Task item
Copy exactly the lines of the material below that fall between the line with "В Германии произошла" and the line with "the great buddha", both of those lines included; pictures stay out.

Records supplied
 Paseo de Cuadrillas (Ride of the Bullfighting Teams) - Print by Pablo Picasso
...
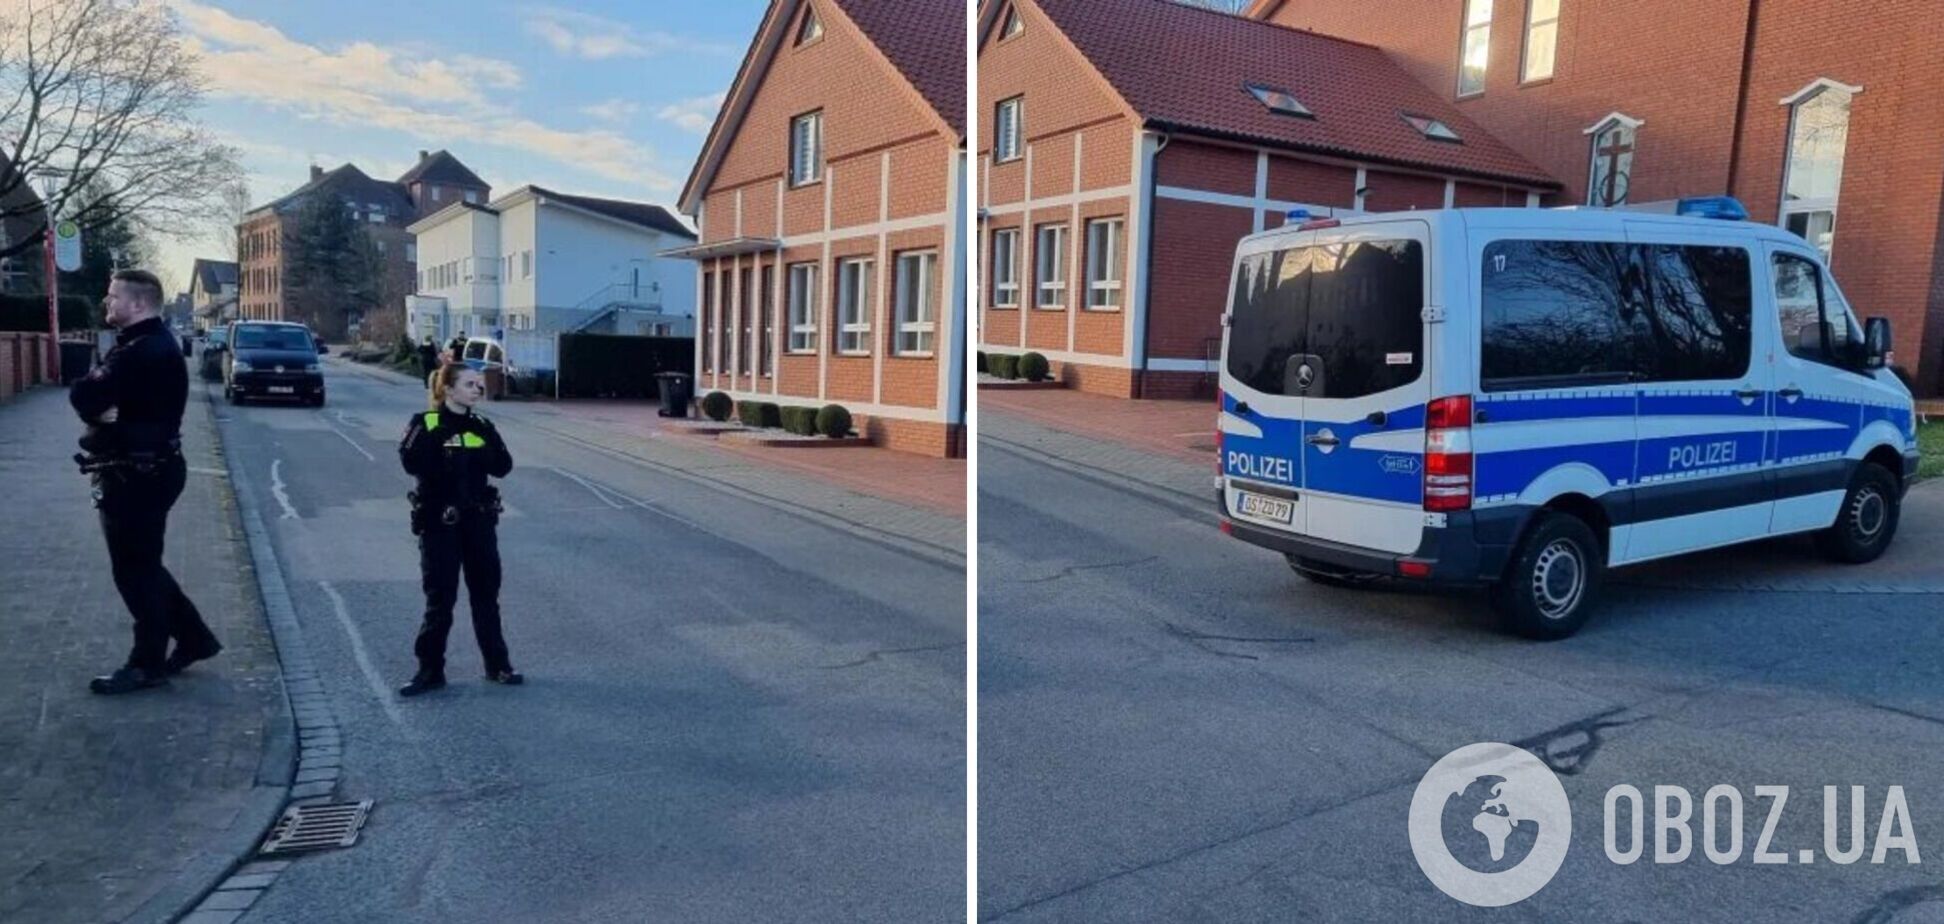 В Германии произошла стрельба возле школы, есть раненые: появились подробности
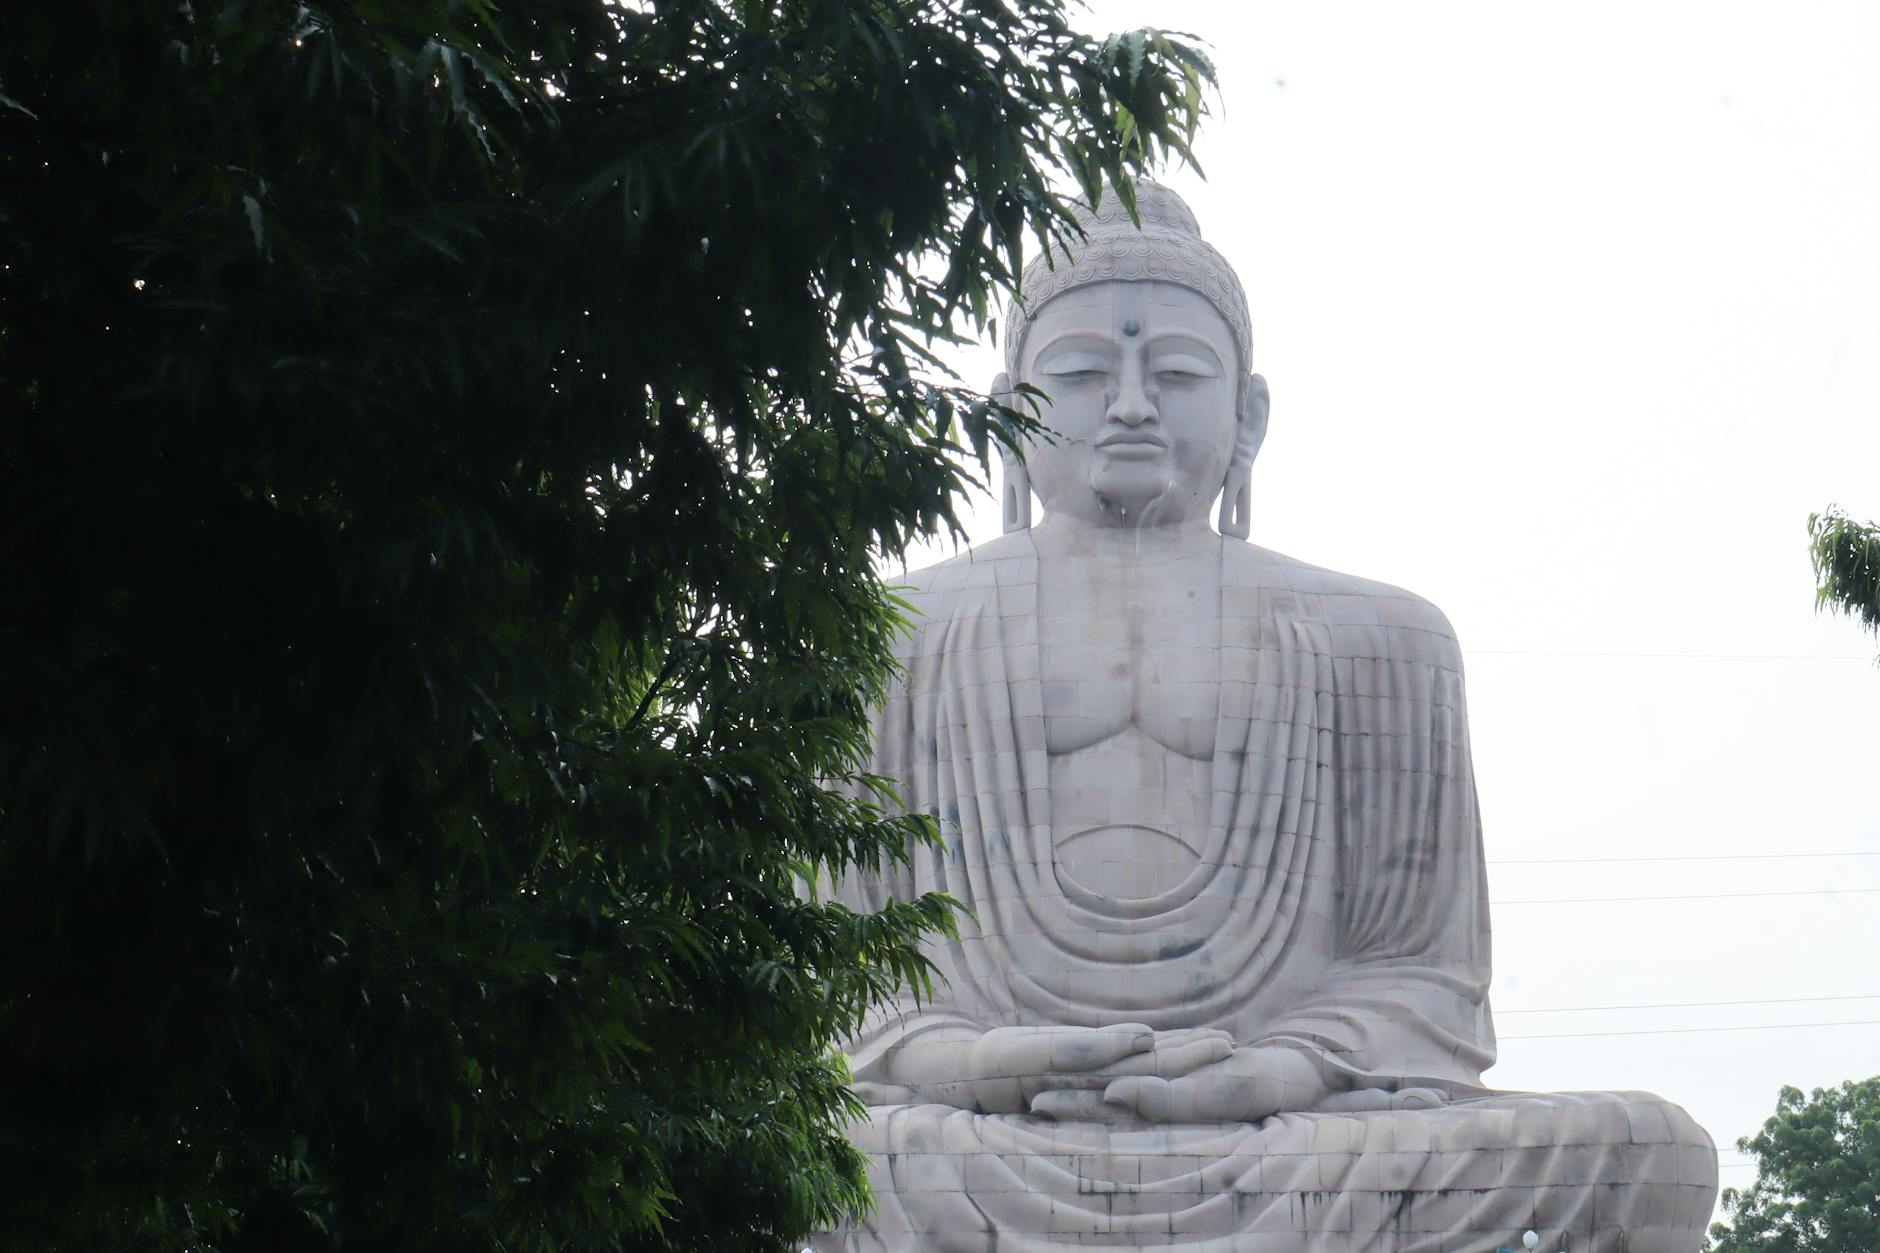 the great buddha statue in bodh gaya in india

Output of the exercise
 В Германии произошла стрельба возле школы, есть раненые: появились подробности
 the great buddha statue in bodh gaya in india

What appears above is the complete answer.